Requirement
Going through the entries below, copy out each line that contains "Social".

Dataset records:
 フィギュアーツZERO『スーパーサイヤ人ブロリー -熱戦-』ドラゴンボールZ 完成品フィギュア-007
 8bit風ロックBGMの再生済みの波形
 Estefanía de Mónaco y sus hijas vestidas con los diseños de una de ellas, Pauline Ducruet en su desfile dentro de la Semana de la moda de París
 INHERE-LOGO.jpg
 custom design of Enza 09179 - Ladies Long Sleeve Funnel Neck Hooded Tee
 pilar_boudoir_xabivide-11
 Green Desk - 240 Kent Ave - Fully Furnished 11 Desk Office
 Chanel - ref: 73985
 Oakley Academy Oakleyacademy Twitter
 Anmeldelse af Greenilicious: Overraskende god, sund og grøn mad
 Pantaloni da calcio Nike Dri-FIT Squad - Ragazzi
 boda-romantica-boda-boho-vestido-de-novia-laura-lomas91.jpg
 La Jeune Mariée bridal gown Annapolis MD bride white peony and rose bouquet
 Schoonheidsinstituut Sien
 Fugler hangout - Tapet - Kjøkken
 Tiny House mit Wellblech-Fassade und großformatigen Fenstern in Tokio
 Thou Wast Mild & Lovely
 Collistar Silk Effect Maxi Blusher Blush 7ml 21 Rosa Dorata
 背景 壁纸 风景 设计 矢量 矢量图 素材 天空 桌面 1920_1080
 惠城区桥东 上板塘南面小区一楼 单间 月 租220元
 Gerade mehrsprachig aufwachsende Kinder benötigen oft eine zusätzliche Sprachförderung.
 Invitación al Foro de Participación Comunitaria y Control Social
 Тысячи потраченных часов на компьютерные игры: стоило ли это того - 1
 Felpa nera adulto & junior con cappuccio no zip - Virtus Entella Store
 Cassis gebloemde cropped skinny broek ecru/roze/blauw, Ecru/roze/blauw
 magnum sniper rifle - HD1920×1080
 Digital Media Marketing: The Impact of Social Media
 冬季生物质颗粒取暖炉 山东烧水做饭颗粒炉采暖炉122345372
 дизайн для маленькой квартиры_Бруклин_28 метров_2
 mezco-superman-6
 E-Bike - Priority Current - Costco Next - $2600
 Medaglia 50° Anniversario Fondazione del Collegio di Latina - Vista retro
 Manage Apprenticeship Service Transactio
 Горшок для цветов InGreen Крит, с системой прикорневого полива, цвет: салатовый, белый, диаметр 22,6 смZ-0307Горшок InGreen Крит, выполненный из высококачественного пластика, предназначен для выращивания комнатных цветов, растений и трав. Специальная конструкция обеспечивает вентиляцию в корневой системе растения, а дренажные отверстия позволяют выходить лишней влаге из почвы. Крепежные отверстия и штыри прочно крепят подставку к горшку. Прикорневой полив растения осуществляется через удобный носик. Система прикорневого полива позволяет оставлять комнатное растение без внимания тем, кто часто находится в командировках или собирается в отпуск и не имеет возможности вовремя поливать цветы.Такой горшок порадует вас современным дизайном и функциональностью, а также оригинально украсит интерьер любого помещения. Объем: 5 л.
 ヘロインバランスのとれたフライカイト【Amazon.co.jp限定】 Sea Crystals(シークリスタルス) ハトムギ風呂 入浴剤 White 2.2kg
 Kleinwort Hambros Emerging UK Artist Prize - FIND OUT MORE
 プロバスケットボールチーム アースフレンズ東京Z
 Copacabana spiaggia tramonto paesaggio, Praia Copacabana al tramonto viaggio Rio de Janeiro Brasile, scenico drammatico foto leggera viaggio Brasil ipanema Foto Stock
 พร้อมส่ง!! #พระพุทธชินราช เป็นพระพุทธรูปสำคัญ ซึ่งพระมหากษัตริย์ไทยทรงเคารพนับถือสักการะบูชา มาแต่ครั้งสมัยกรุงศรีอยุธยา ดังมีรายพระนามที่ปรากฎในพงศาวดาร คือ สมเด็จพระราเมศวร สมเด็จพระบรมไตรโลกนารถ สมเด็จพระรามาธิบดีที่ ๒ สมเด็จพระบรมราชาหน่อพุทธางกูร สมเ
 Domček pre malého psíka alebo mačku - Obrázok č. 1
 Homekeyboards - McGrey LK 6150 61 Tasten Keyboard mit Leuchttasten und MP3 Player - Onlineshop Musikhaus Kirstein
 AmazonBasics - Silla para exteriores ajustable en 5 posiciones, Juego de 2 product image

Output of the exercise
 Invitación al Foro de Participación Comunitaria y Control Social
 Digital Media Marketing: The Impact of Social Media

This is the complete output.